Senza paura del ridicolo, Machado è stata presentata come “attivista per i diritti umani”. In tutta evidenza, i diritti dell’oligarchia, bisognerebbe dire: perché l’evidenza sta nella violazione sistematica dei diritti del popolo venezuelano perpetrata con omicidi e devastazioni durante i vari appelli a far cadere con violenza il governo legittimo del Venezuela; e sta nel lancio di quelle terribili bombe silenziose costituite dalle “sanzioni”, che Machado si è sgolata a chiedere ai suoi padroni Ua e Ue, e che hanno per l’appunto provocato ai venezuelani le sofferenze così “democraticamente” elencate dalla Commissione.
Ma, si sa, il filo-atlantismo radicale ha sempre goduto di grandi entrature in Italia, paese sotto l’ombrello Nato, sempre più caratterizzato per essere una portaerei degli Usa contro i popoli del sud. E, infatti, Machado è stata confidenzialmente accolta come una vecchia amica, giacché – ha detto la presidenta della Commissione – “Corinna ha molti amici in questa commissione, fra gli altri il senatore Casini”.
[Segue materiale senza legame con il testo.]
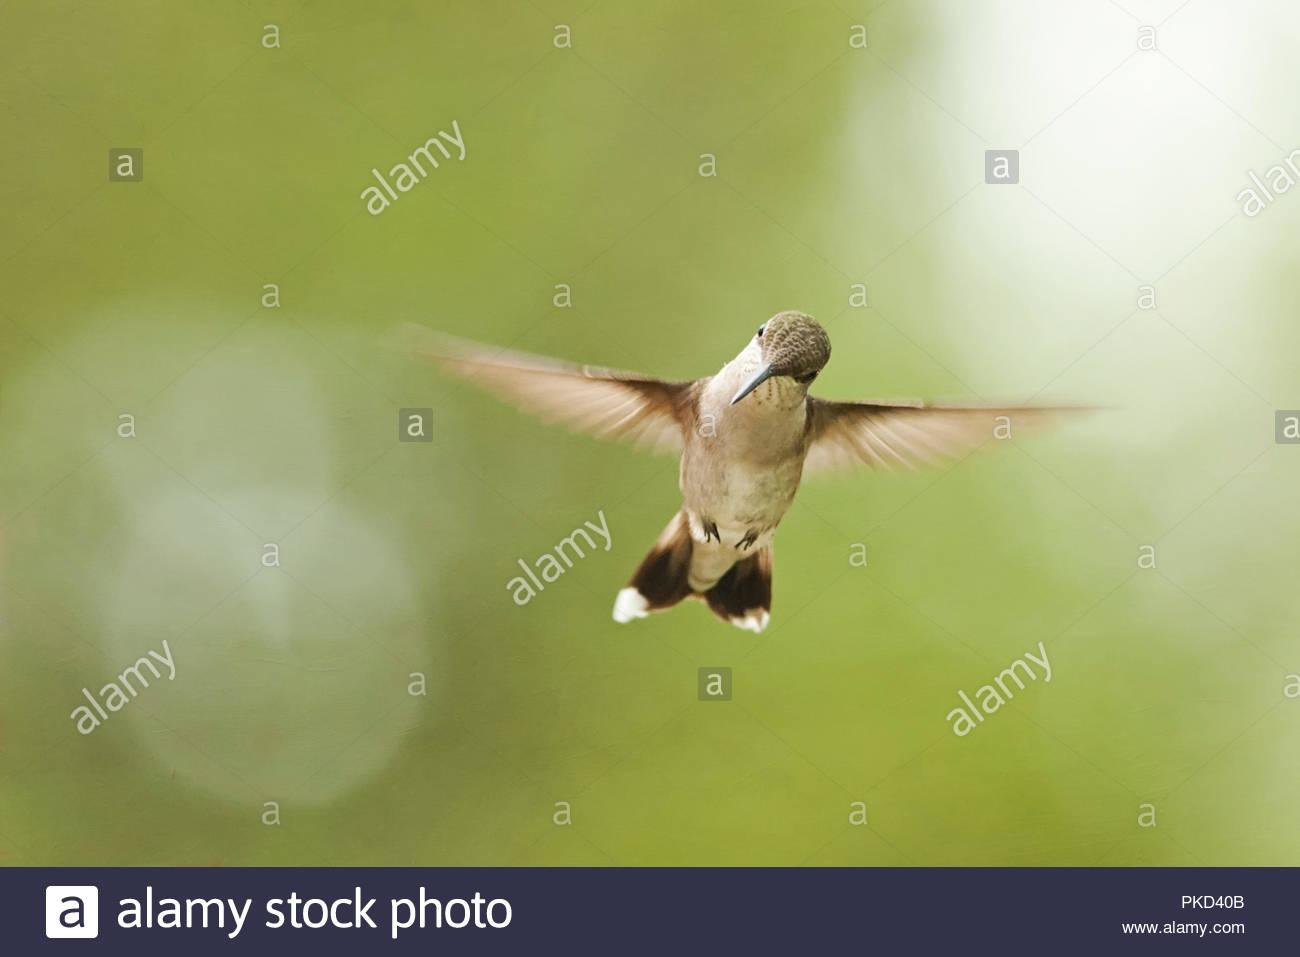 hummingbird with head tilted facing camera - Stock Image

E, infatti, dal golpe contro Chávez, alle violenze di piazza, dai tentativi di ammazzare il presidente Maduro a quello di esautorarlo “riconoscendo” come presidente “a interim” un ladrone autoproclamato che nessuno aveva eletto, è da tempo che l’estrema destra venezuelana gode di sostegni “bipartisan” in Italia. Si sa che, fra quei 2 milioni di venezuelani di origine italiana, citati dalla Commissione a comprova del grande interesse rivolto dal senato a Machado, ve ne sono molti che hanno fatto fortuna in Venezuela, e che impiegano parte di quella fortuna per finanziare la destabilizzazione del paese. Per esempio, a guidare la squadraccia che, durante le proteste violenze scatenate da Machado e compari nel 2017, ha bruciato vivo l’ambulante ventenne Orlando Figuera, solo perché indossava la maglietta rossa, vi era un italiano, fuggito in Spagna. In Italia e in Spagna, transitano o risiedono in mansioni miliardarie, vari ricercati eccellenti venezuelani, protetti dalla benevolenza dei media, che gli consentono di emettere proclami che sarebbero considerati gravi delitti nelle democrazie occidentali.
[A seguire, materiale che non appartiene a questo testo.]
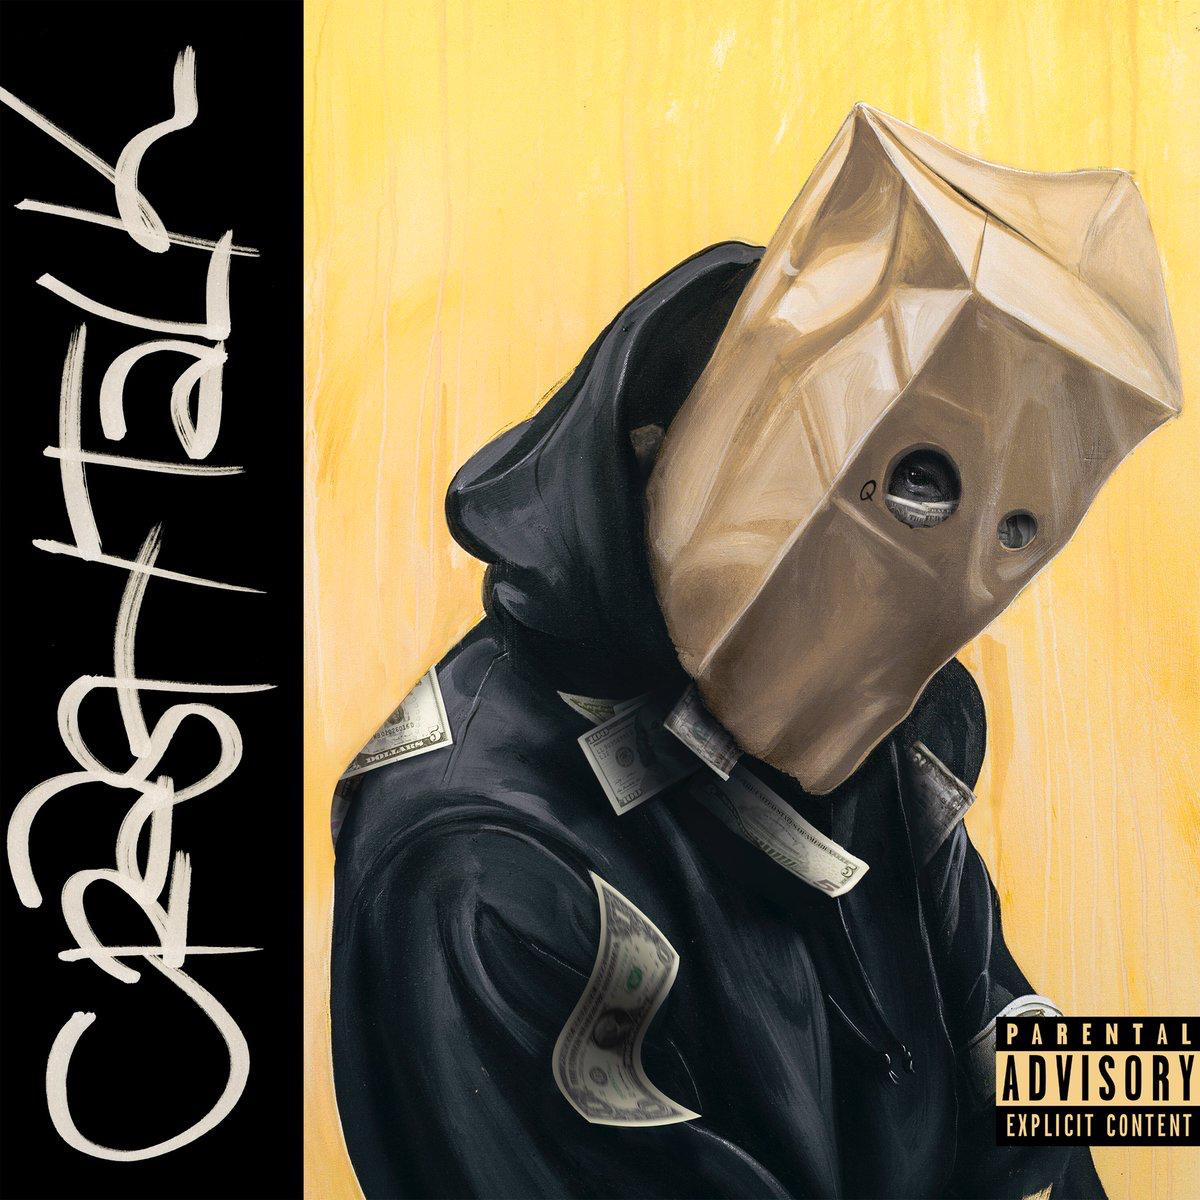 CrasH Talk

Solo, che, per i paesi del sud che hanno scelto di liberarsi dalla tutela neocoloniale, come il Venezuela, valgono leggi al contrario: i golpisti sono “difensori dei diritti umani” e il governo eletto ripetutamente in 25 anni dalla maggioranza dei cittadini è definito “dittatura”. E non si può pensare che le istituzioni europee non sappiano chi stanno appoggiando e finanziando. Machado non ha mai fatto mistero del suo modello di paese, confermato anche ultimamente dall’entusiasmo con cui ha accolto i piani del “pazzo con la motosega” che ora governa l’Argentina, e che sta soffocando le classi popolari.
Persino negli Stati uniti stanno indagando gli ammanchi provocati dai loro assistiti ai finanziamenti miliardari erogati. E le inchieste che mostrano il loro coinvolgimento nell’impiego di mercenari per uccidere il presidente legittimo e per incendiare il paese sono solide e riconosciute a livello internazionale. E anche quelle vere e proprie operazioni di pirateria internazionale per sottrarre le risorse del popolo venezuelano non sono un mistero.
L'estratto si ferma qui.